---------- Data ----------

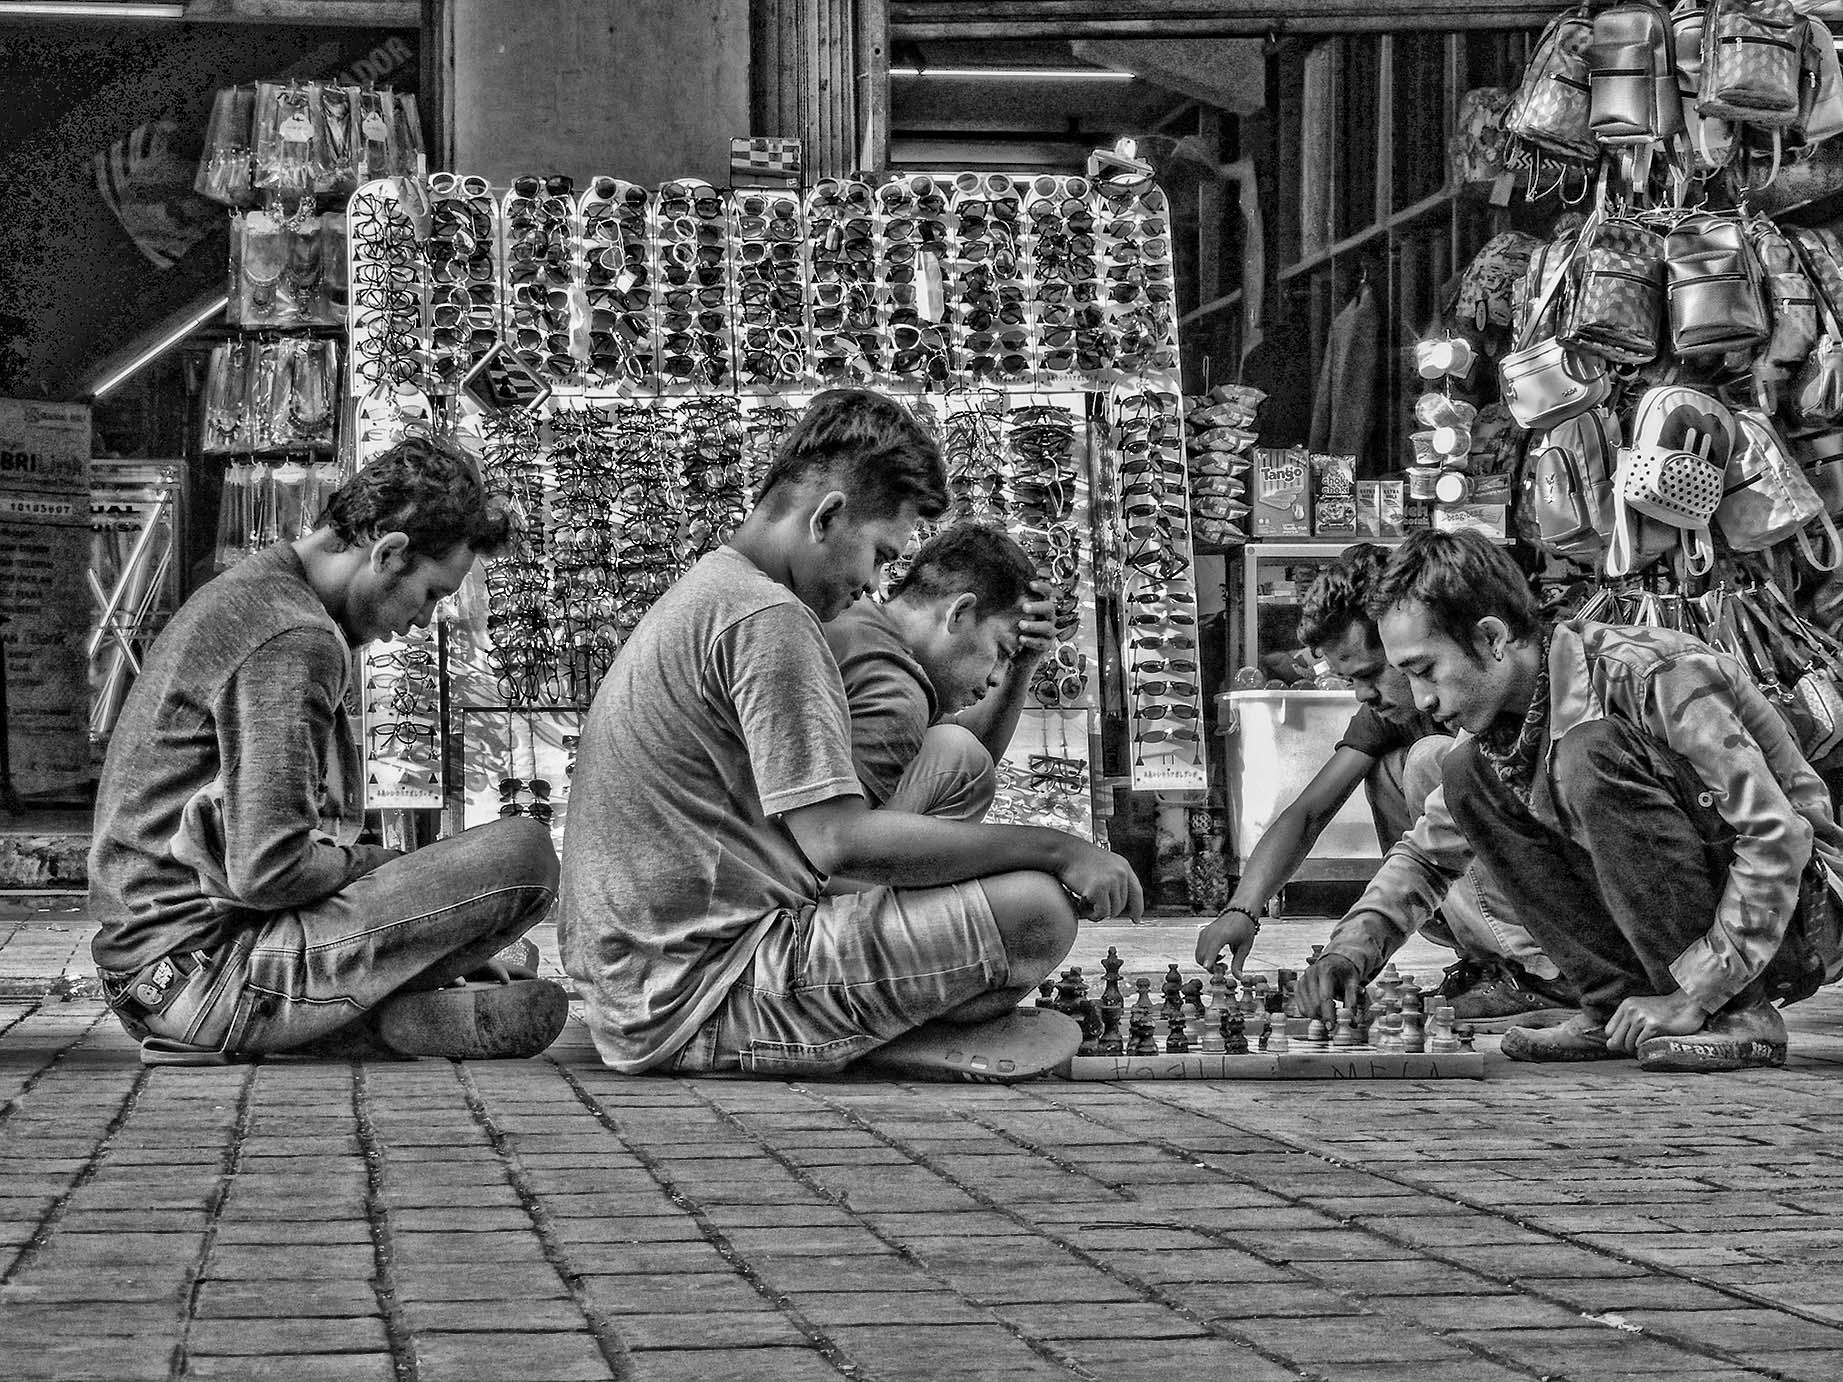 foto-foto street photography dari profesional
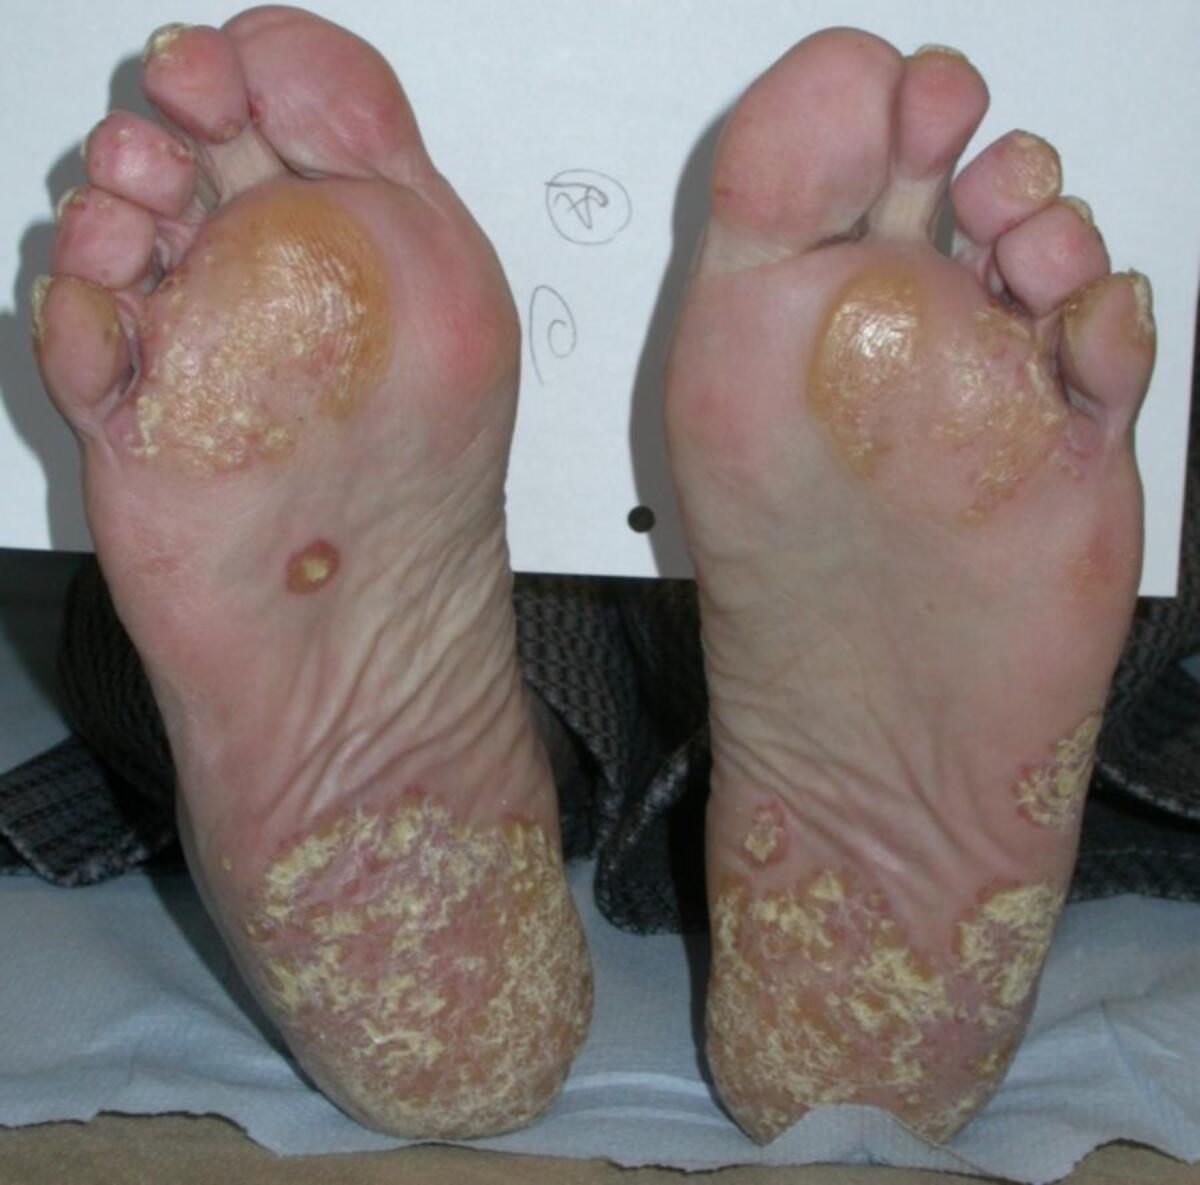 psoriasis on feet and hands pikkelysömör kezelése lazarral
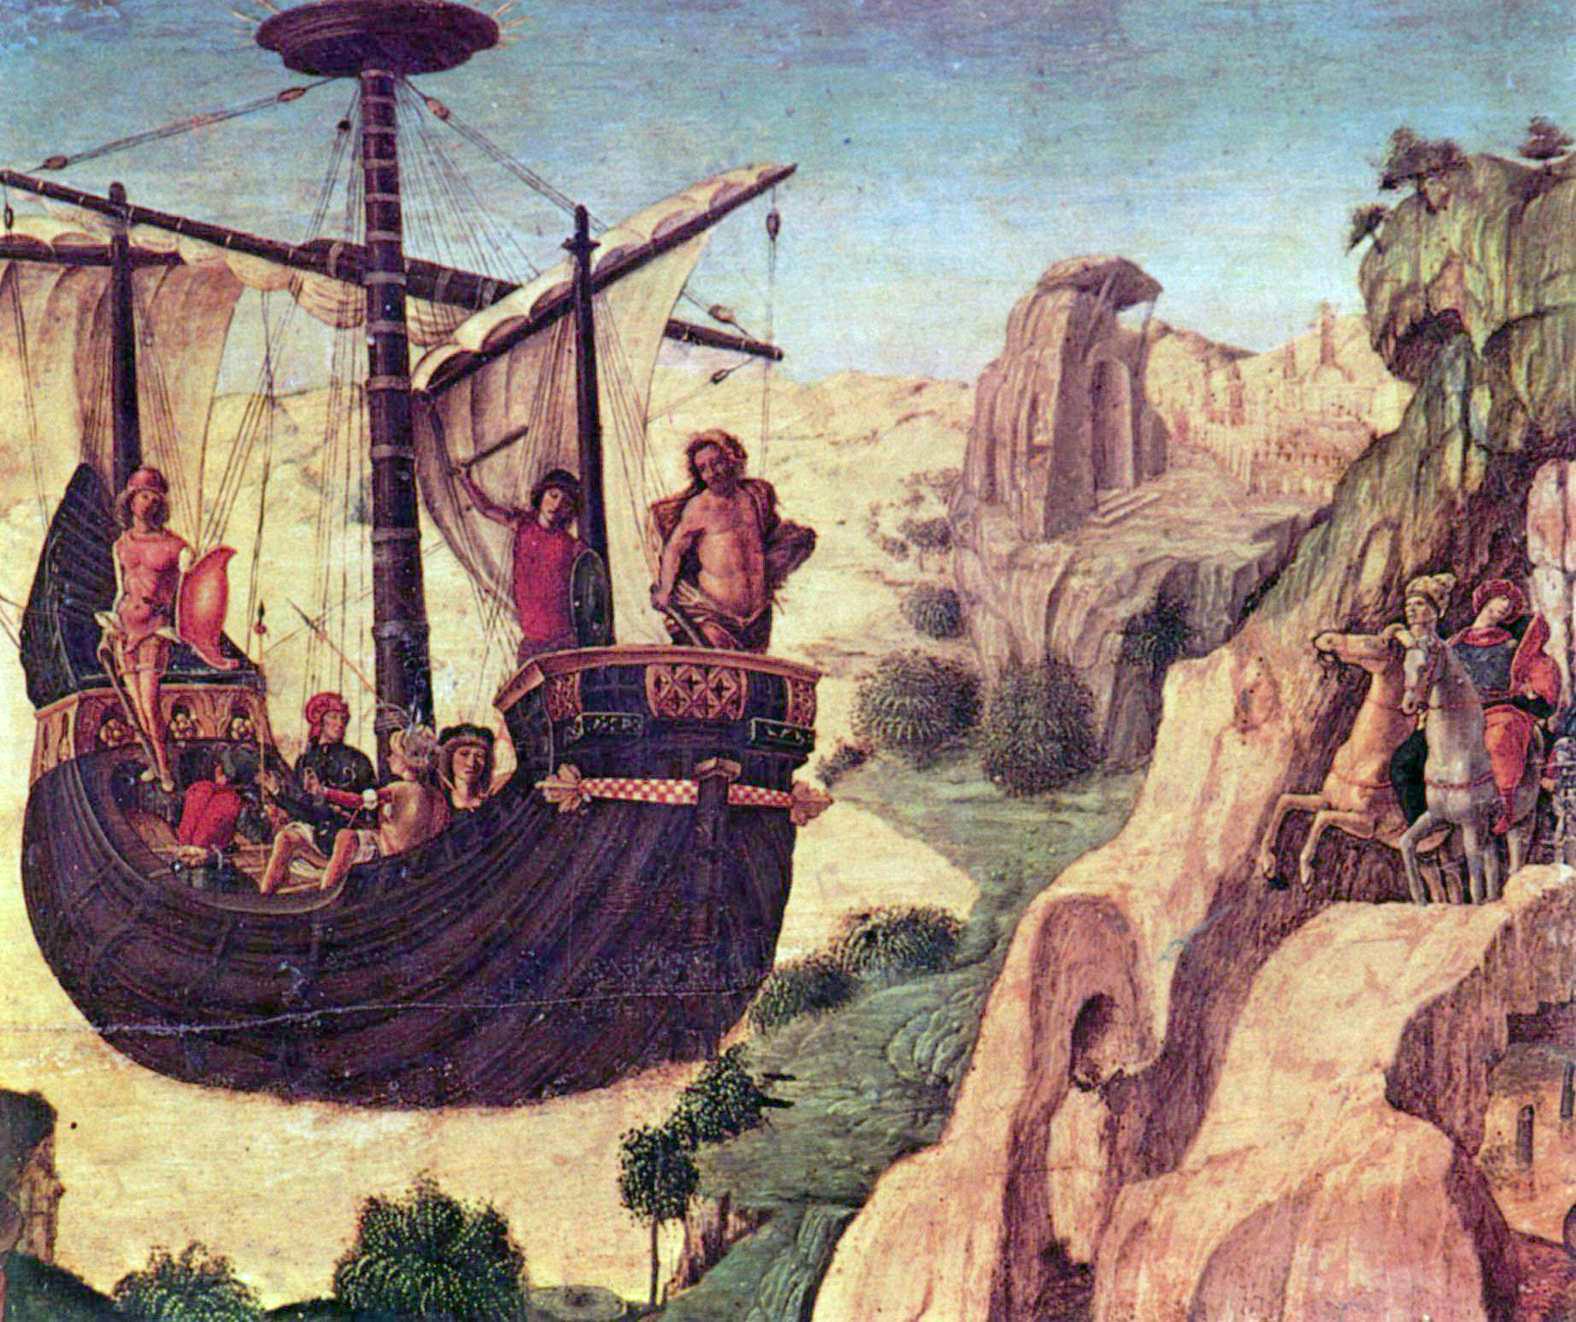 The Argo Renaissance painting by Lorenzo Costa
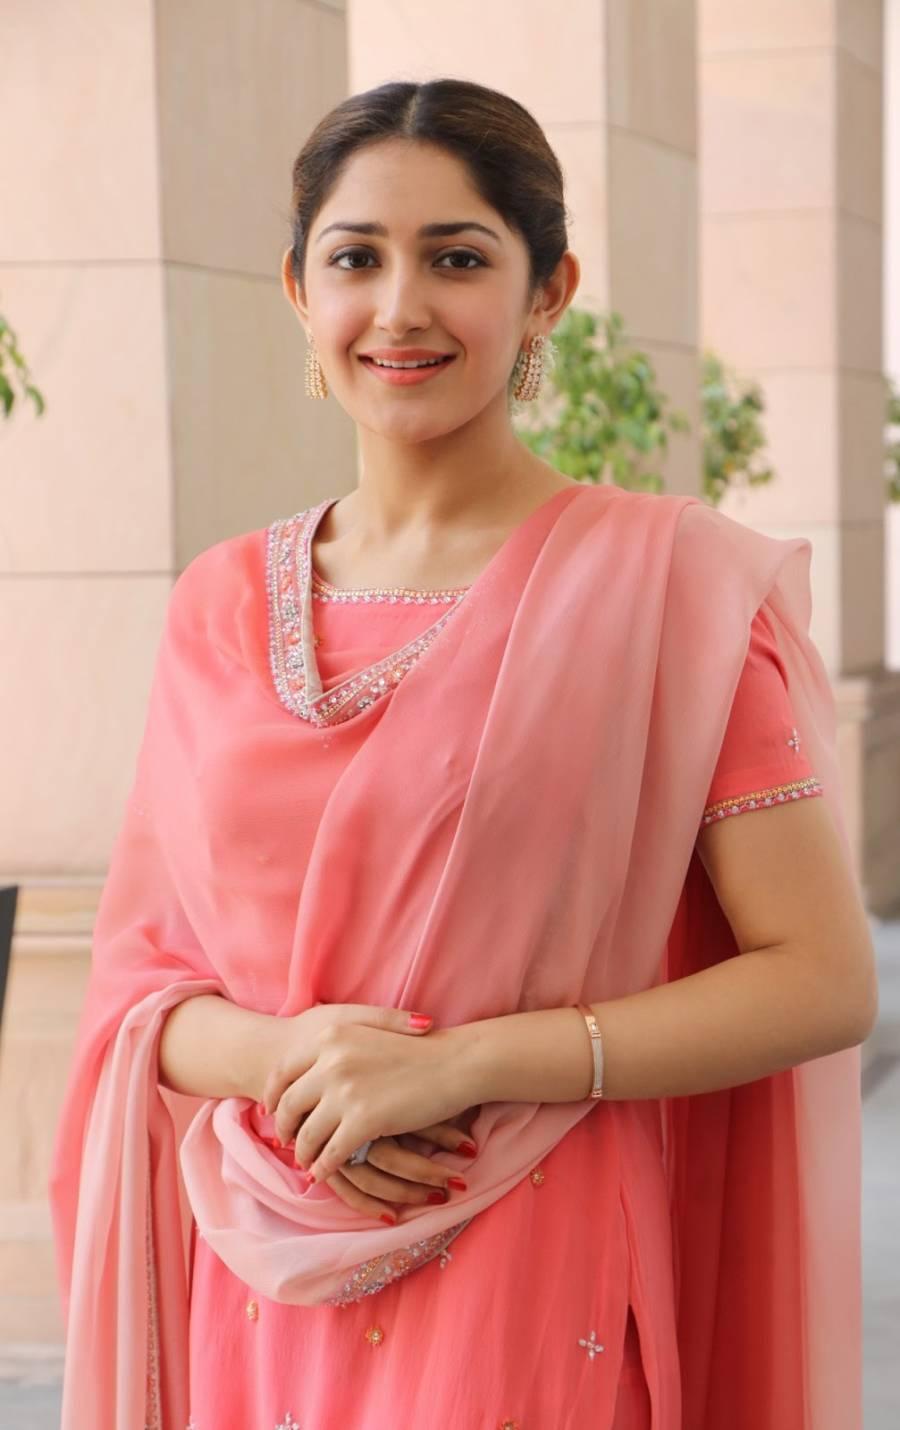 Indian Model Sayyeshaa Saigal Hot In Pinks Punjabi Dress

----------

**Task requirements**
From the line holding "The Argo Renaissance" through the last line of the material above, each line should be written out exactly, both included; omit the pictures.

**Task solution**
 The Argo Renaissance painting by Lorenzo Costa
 Indian Model Sayyeshaa Saigal Hot In Pinks Punjabi Dress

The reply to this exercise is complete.